Once you’ve held a piece of property for some time, there could be several options to pursue, depending on your business model and pool of investors. You might decide to hold the place, refinance it, or sell. As you make transactions, you’ll want to let others know. Spreading the word about your real estate investment activity can lead to more connections.

Building a Portfolio

Most likely when you acquire a property, you’ll have a plan in place which will dictate the long-term objectives. Your partner and other investors may be interested in holding the property, or they might be looking to move on after several years. If others take their return and shift funds elsewhere, you’ll have to decide whether you can maintain the place on your own and still get the return you want.

Refinancing could be brought into the discussion, although in today’s market, this step may not enable investors to get the same return on equity that they could take out in the past. In the past, refinancing could have brought a lower interest rate and enabled investors to take cash out from the equity. However, as debt service coverage ratios have become more conservative, along with the proceeds, in some cases a refinance to take out cash may not be possible. It could be a time to think about selling to get a return on equity.

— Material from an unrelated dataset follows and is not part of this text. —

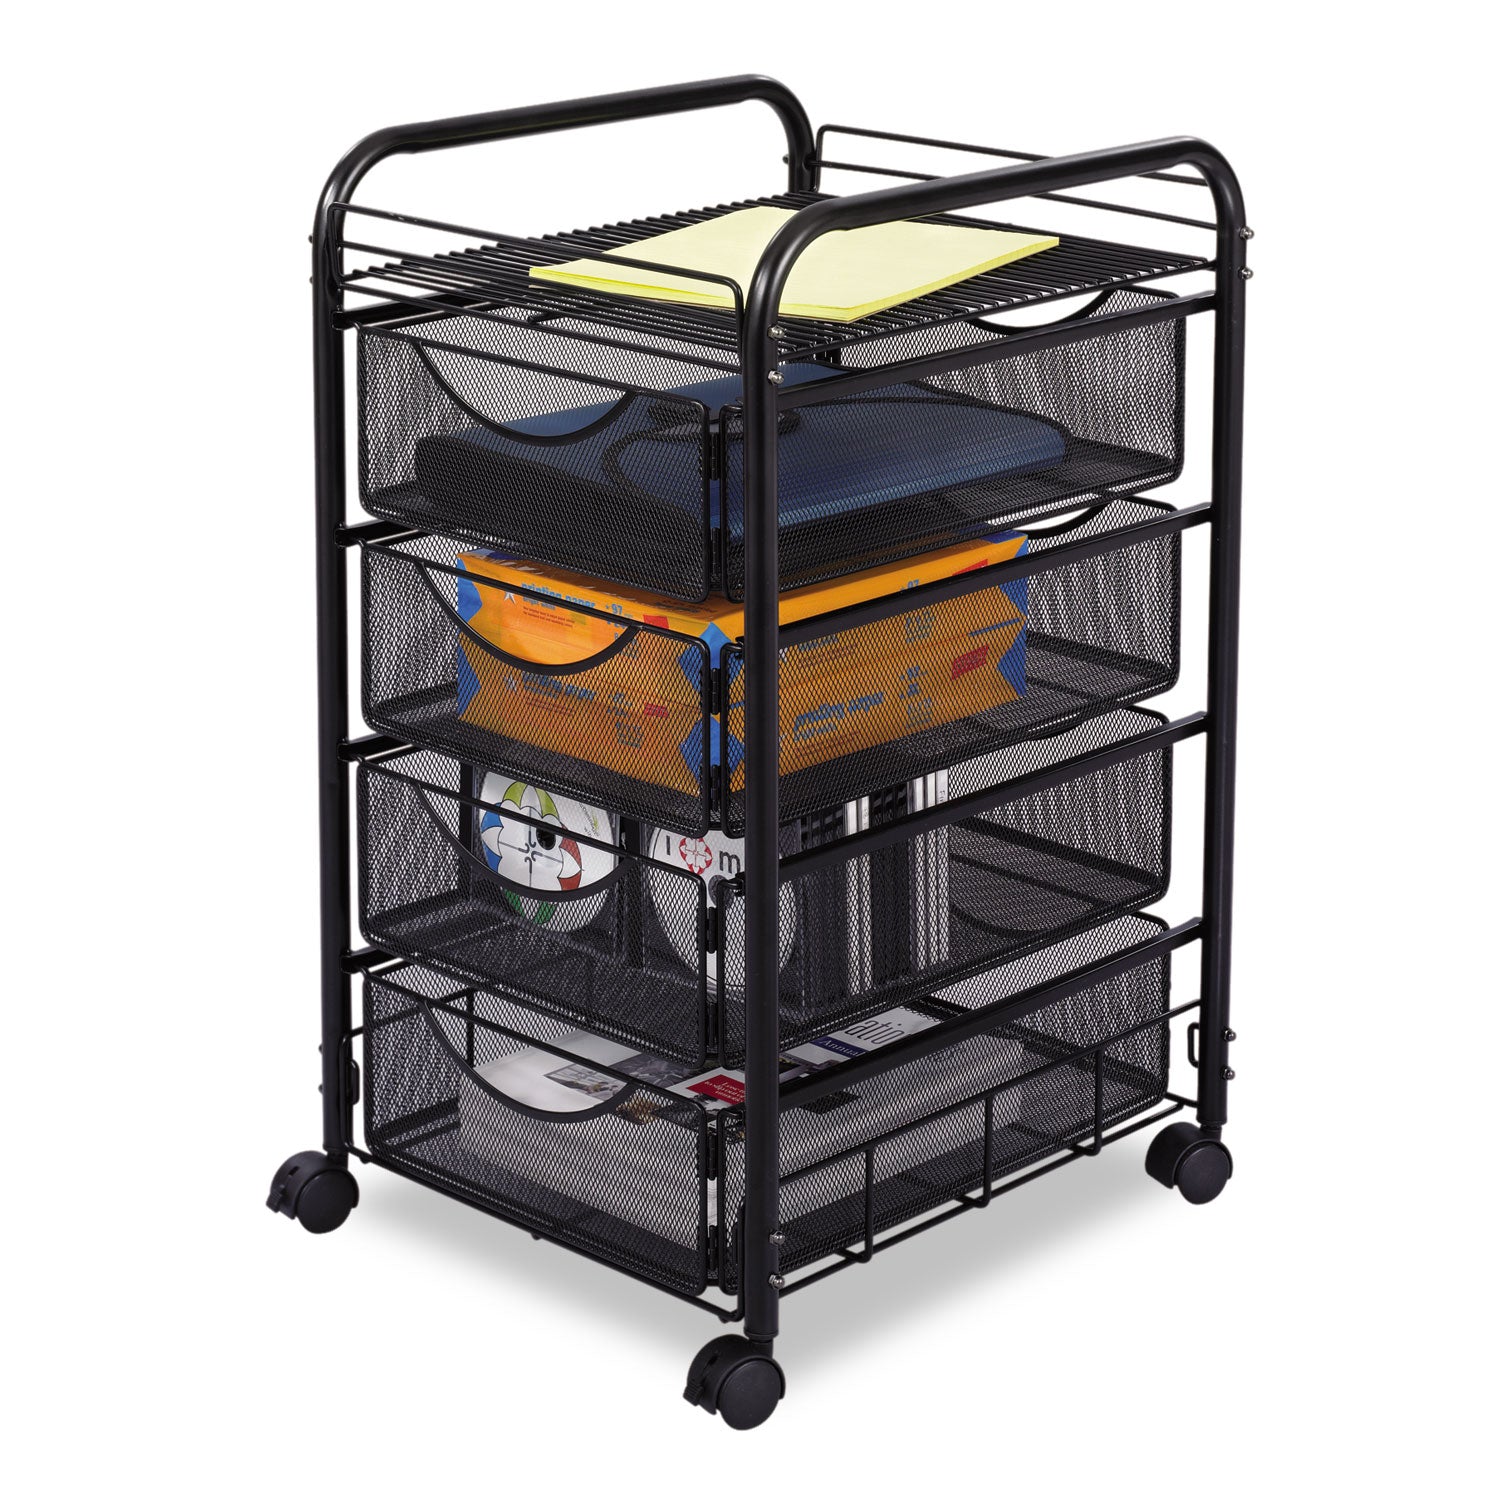 Safco Onyx Double Mesh Mobile File Cart - 2 Shelf - 4 Drawer - 4 Casters - 1.50" Caster Size - x 15.8" Width x 17" Depth x 27" Height - Black Steel Frame - Black - 1 Each - 1

If holding the property or refinancing won’t provide your desired return, you might consider selling the place. If you do, you’ll want to work with a knowledgeable investment sales broker. Look for someone with a laid-out marketing strategy who will share your opportunity with a broad audience. Check that the broker has a strong track record and a reasonable timeline in place based on the market conditions.

As you think about selling, you’ll want to talk to your accountant about the tax implications. They can help you understand what your potential capital gains could be. They’ll also look at taxes from a federal and local level. Knowing what your after-tax scenario will be may make it easier to determine what you want to do with the asset.

Section 1031 of the IRS tax code allows you to exchange one property for another of like-kind without having to pay capital gains tax. Often called a 1031 exchange, there are rules you’ll have to follow for this process, including acquiring another property (or properties) as an investment and using a qualified intermediary to hold your funds in escrow. You’ll typically have 45 days after closing on the first property to identify the next acquisition (or acquisitions), and you’ll need to close on them within 180 days of closing on the first place.

Spread the Word

As you acquire real estate assets, you’ll want to let others know of your activity. Some real estate professionals who have been guests on my podcast “The Insider’s Edge to Real Estate Investing” do an incredible job of promoting the properties they are closing. These include Steve Kachanian from Klosed, and Jeffrey Znaty and George Giannopoulos from Kings Capital.

Spreading the word about your track record brings several benefits. Primarily, this strategy can help you stay top of mind for investment sales brokers. These professionals are often very busy with listings that they’re trying to sell. If you’re demonstrating that you’re active, brokers will be more in tune with what type of asset you’re interested in. The adage that “deals lead to more deals” is certainly true.

Certainly, acquiring an initial property takes time and effort. After crossing that hurdle, you can think about building your real estate portfolio. As you move forward, you’ll want to develop a strategy around cultivating your brand and reaching your target audience. Let others know what you’re doing and what you’re interested in, and you’ll likely find an increasing number of opportunities for your next investments.